* **Entries shown**

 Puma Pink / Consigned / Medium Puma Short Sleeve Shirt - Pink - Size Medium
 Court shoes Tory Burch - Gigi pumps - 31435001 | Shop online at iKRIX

==

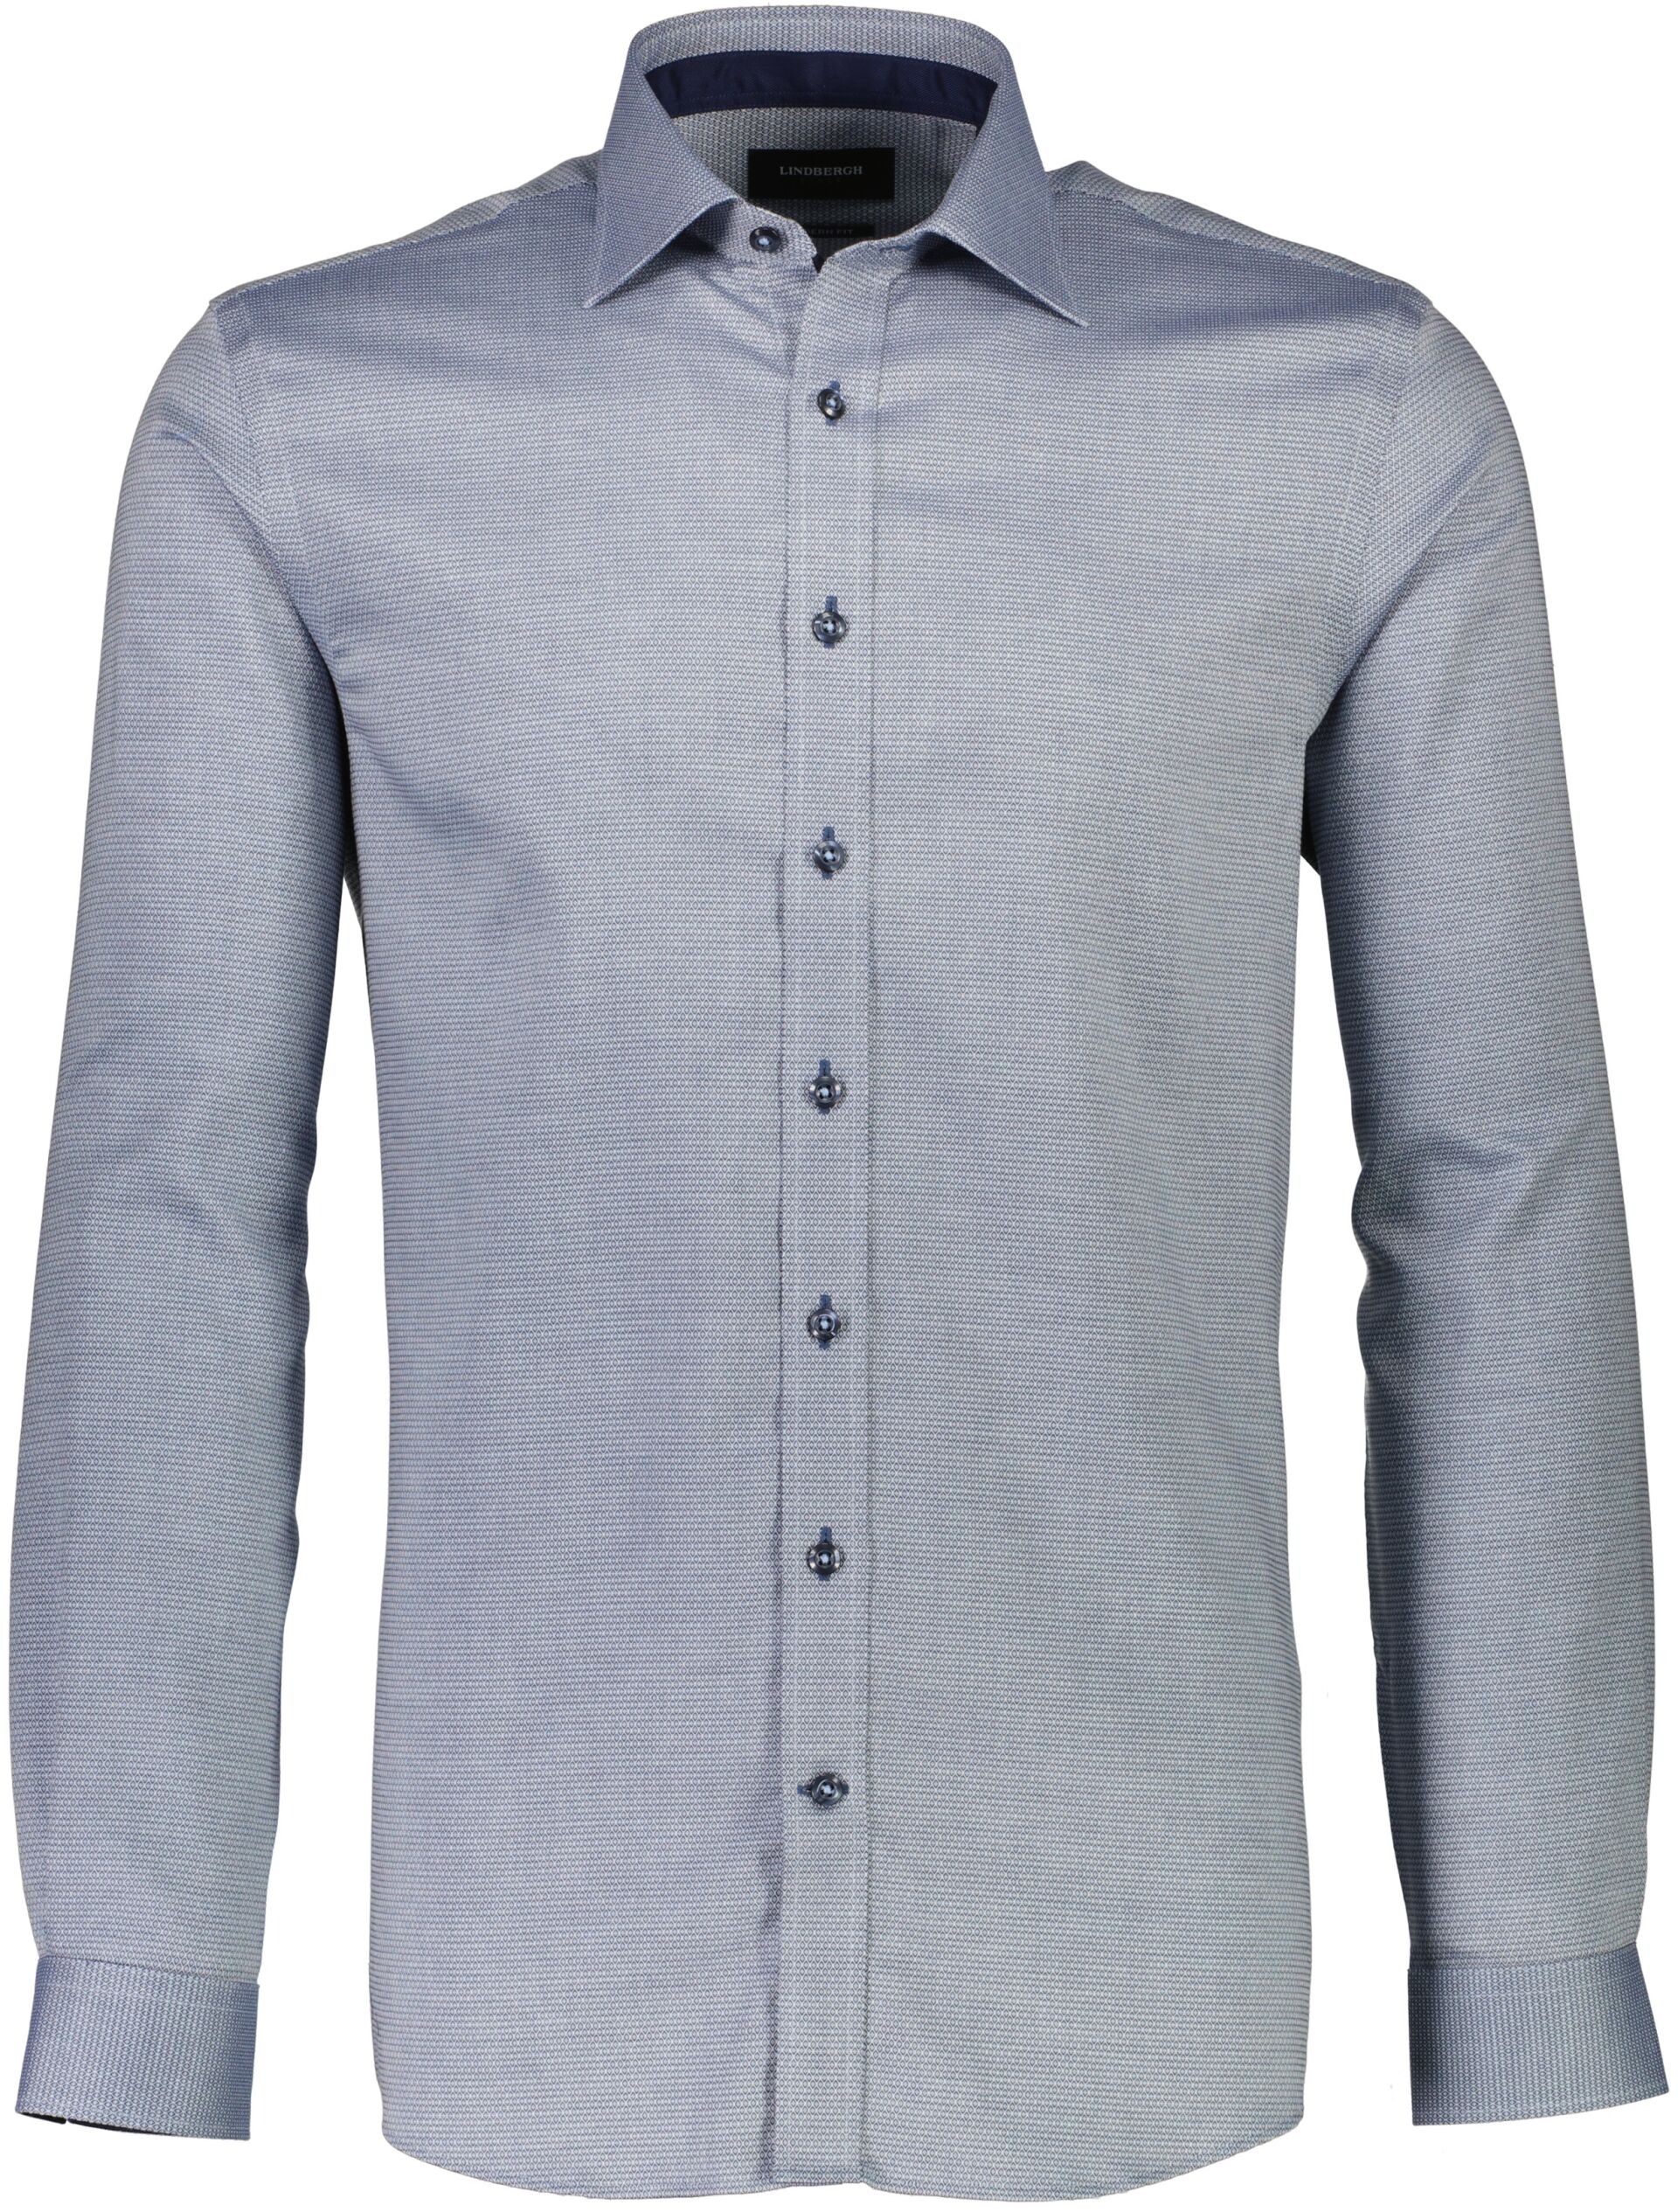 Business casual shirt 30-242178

* **Task item**
Your task is to retype the entries verbatim, starting with the line that holds "Puma Pink /" and stopping after the line that holds "Court shoes Tory".

* **Expected answer**
 Puma Pink / Consigned / Medium Puma Short Sleeve Shirt - Pink - Size Medium
 Court shoes Tory Burch - Gigi pumps - 31435001 | Shop online at iKRIX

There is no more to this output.